**Collected material**.
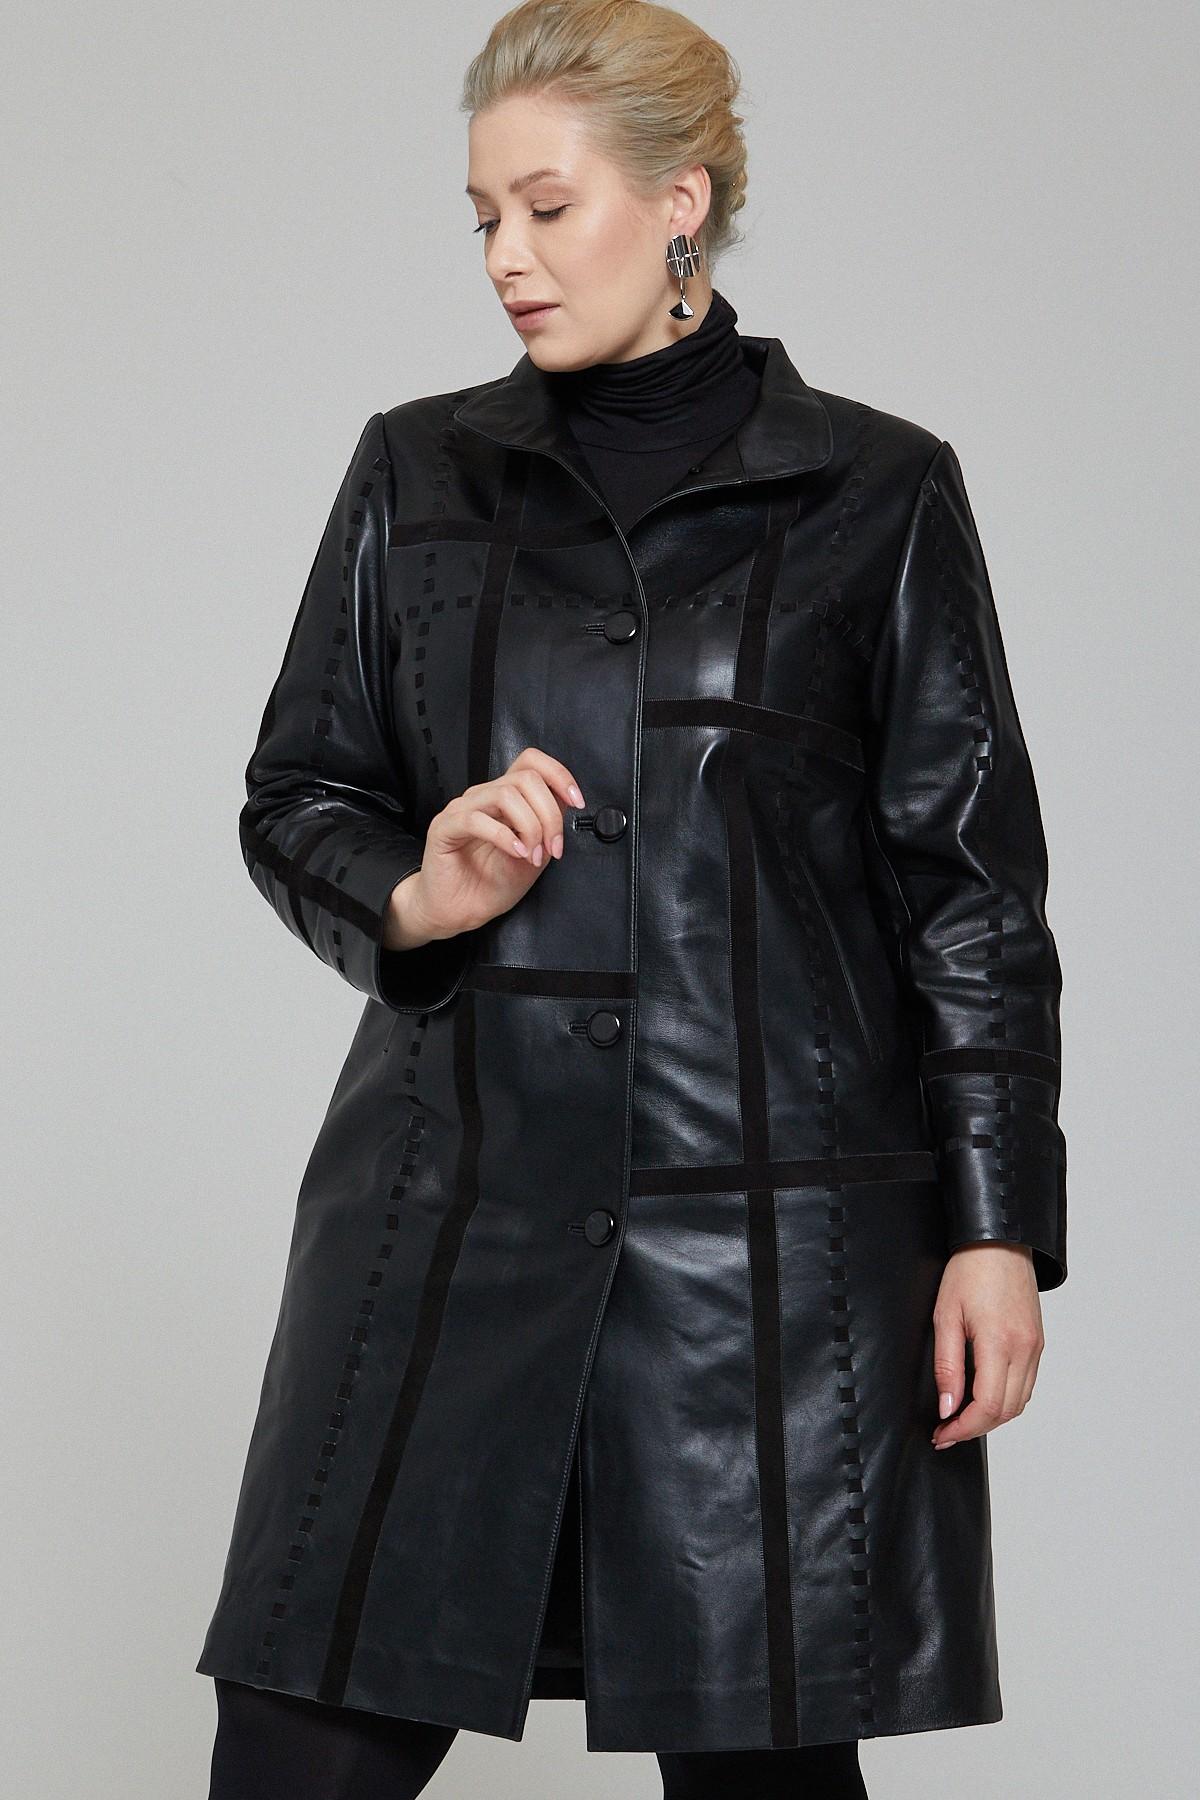 Kendall Jenner Long Leather Jacket
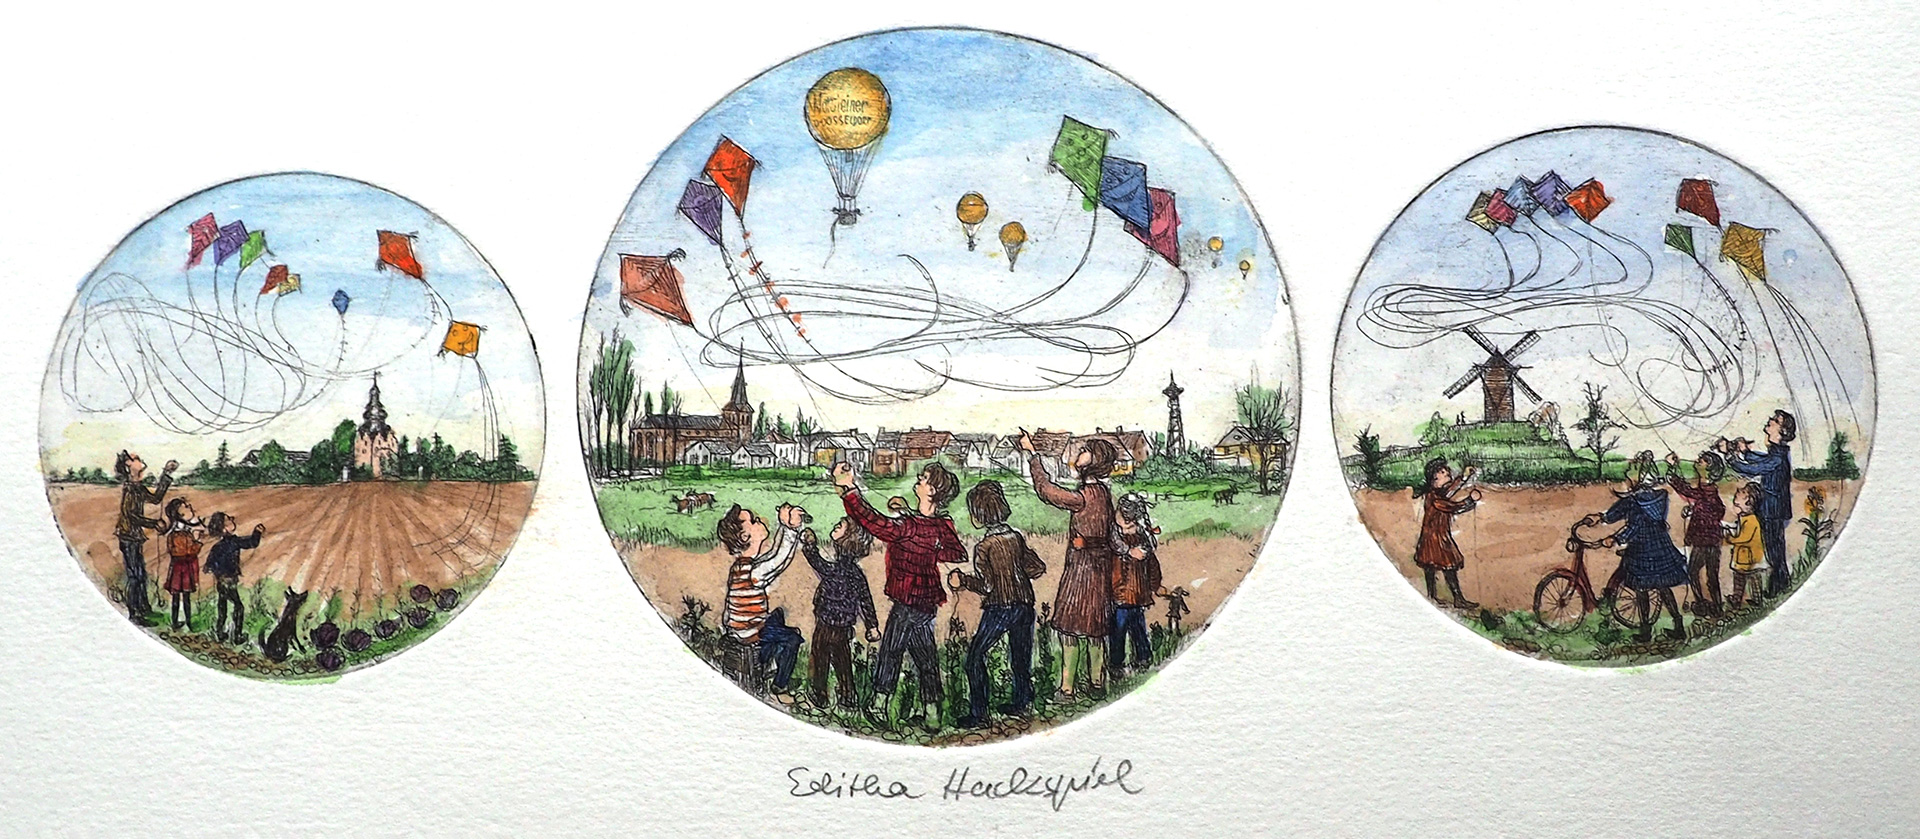 Editha Hackspiel: Düsseldorf
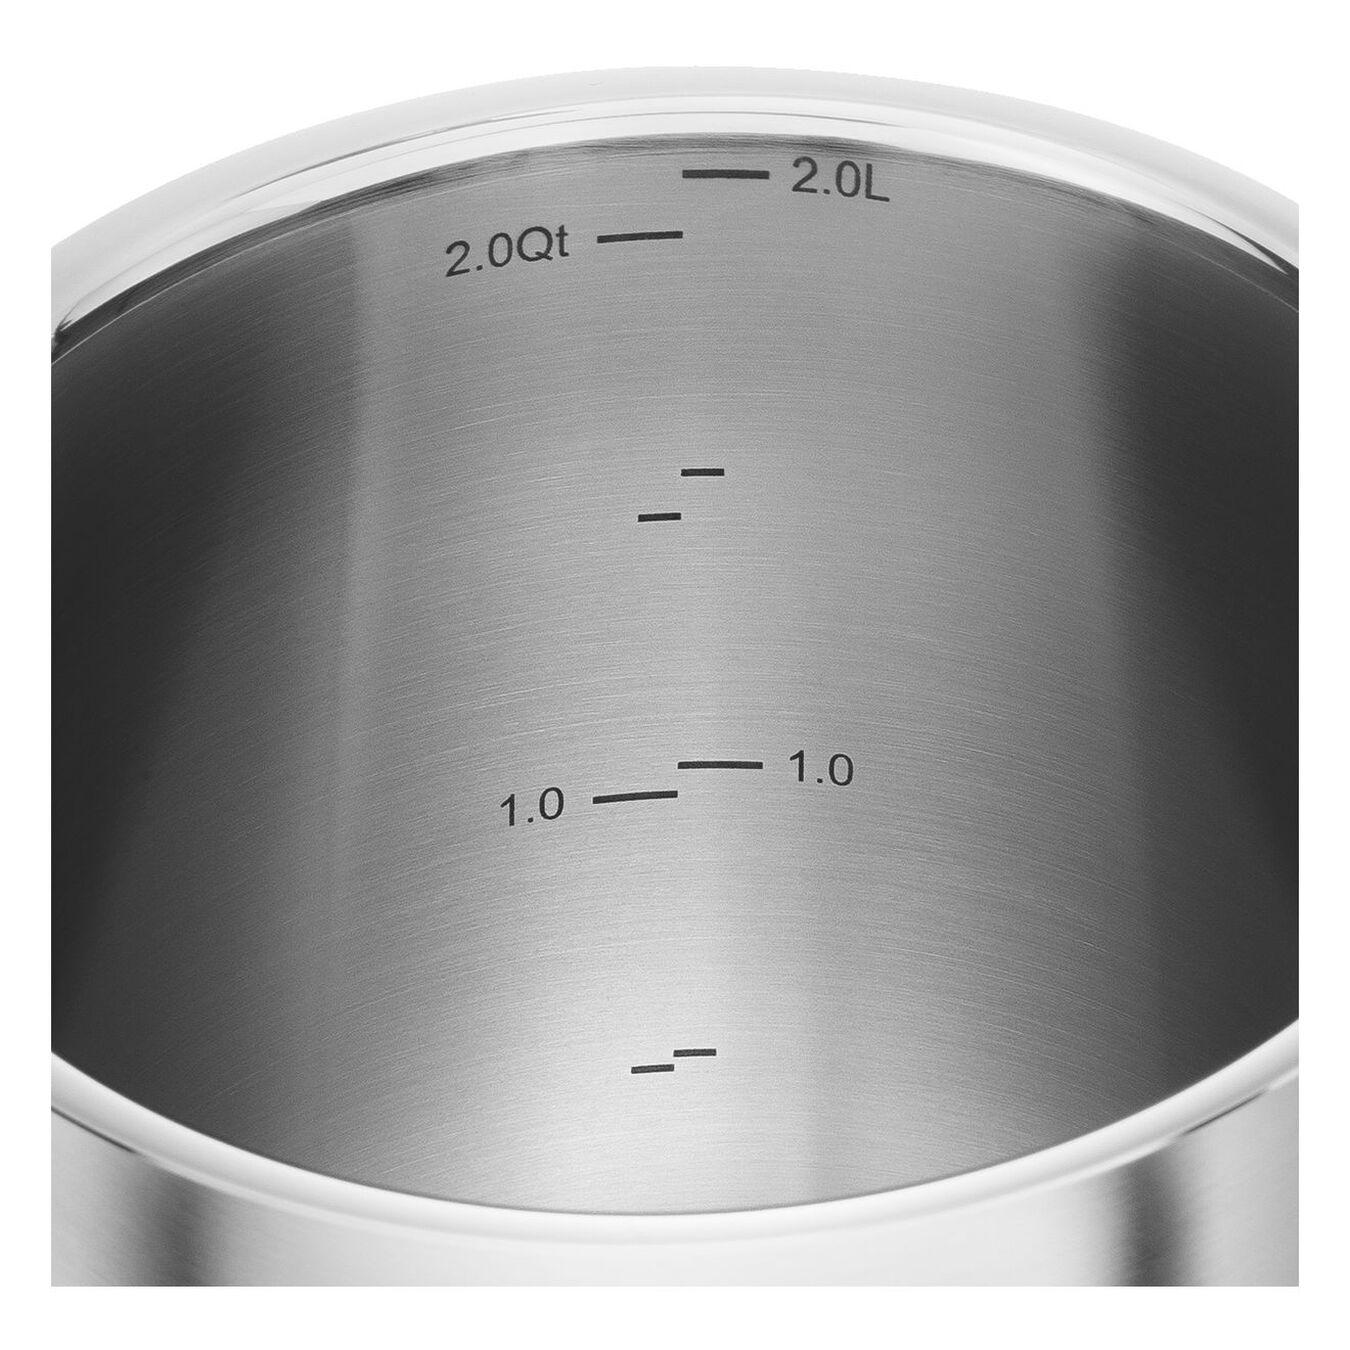 Milchtopf 14 cm, 18/10 Edelstahl,,large 4

**Brief**. Give back the material above exactly as it appears, minus the pictures.

**Written solution**.
 Kendall Jenner Long Leather Jacket
 Editha Hackspiel: Düsseldorf
 Milchtopf 14 cm, 18/10 Edelstahl,,large 4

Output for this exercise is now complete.